We initially wanted to determine whether this longer fork substrate could be acted on by WRN to yield a daughter duplex product in a manner identical to the substrate above. To this end, this substrate was restricted with Rsa I and Xmn I (Figure 6A, top center) to release the heterologous (and unlabeled) regions of both arms; the resulting fork with entirely homologous leading and lagging arms was purified. When this substrate was treated with WRN-E84A, two new DNA products (Figure 6B, lanes 2–5, indicated by arrows) appeared with migration consistent with that of the potential daughter duplex (a 42 bp plus 10 nt 5′ overhang) and the parental duplex (92 bp); note that the daughter duplex appears more intense due to the higher specific activity of the lagging daughter strand. As above, production of both species required ATP hydrolysis and occurred at extremely low WRN concentrations without detectable amounts of single-stranded products (data not shown). These experiments confirm that this restricted fork could be regressed by WRN-E84A in the same manner as the shorter fork substrate (21lead fork) that contained a similar structure at the fork junction. These findings also suggest that the length of the homologous arms in our substrates does not significantly affect WRN's regression function, as the homologous arms of the restricted fork are approximately twice as long as those in our short fork substrates.

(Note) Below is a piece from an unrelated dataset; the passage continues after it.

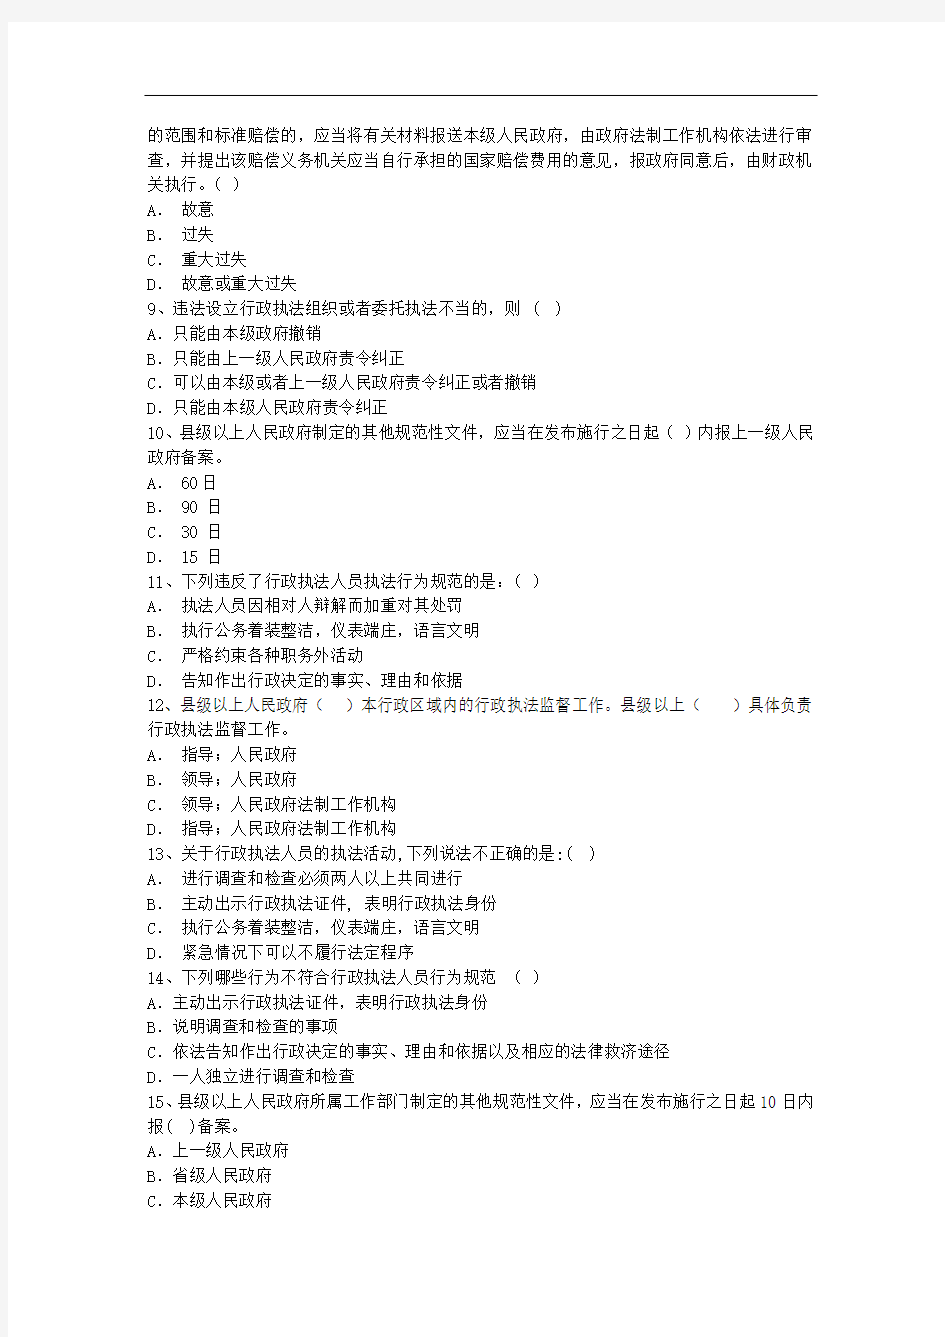 企业法律顾问考试高效复习五法宝每日一练(2014.8.7)

Next, the unrestricted long fork substrate was treated with WRN-E84A in the presence or absence of RusA. Over the same range of concentration used above, WRN-E84A alone did not generate a product resulting from pairing of the daughter strands (Figure 6C, lanes 3–6), in contrast to our results on forks with completely homologous arms. This suggests that the heterology on the distal ends of each arm inhibits WRN-mediated generation of ‘daughter duplex’ in a manner that cannot be overcome by unwinding activity at these limiting concentrations of WRN-E84A. Thus, if fork regression intermediates are formed by WRN-E84A from this substrate, they revert (by enzyme-mediated or spontaneous reversal of branch migration) back to the fork structure during the reaction and/or electrophoresis. Small amounts of parental–daughter duplexes were detected, consistent with weak forward unwinding of this fork. In order to detect whether Holliday junction intermediates are transiently generated, RusA was added one min following the start of a 37°C incubation of substrate with WRN-E84A. Addition of RusA to WRN-containing reactions yielded new DNA products (indicated by asterisks) when analyzed by native PAGE (Figure 6C, lanes 7–10). The more prominent product migrated a little slower than a 77 bp marker, while the other migrated just slightly above a 122/82 partial duplex marker, consistent with RusA resolution of a Holliday junction formed from this fork substrate—i.e. a 72 bp duplex with a 10 nt 5′ overhang (more prominent because it contains the labeled strand with higher specific activity) and a 122 bp duplex, each putatively containing a nick (see Figure 6A, lower right). In an important control, RusA without WRN-E84A does not detectably act on the fork substrate (Figure 6C, lane 2). These results are consistent with the previously characterized specificity of RusA for Holliday junctions and also indicate that WRN-E84A is generating the Holliday junction structure for RusA cleavage. Importantly, RusA cleavage required not only WRN-E84A but also ATP hydrolysis, as cleavage was not detected in the absence of ATP or in the presence of the poorly hydrolyzable analog ATPγS (Figure 6D), demonstrating that WRN ATPase and helicase activities were necessary to convert the fork substrate to a Holliday junction intermediate.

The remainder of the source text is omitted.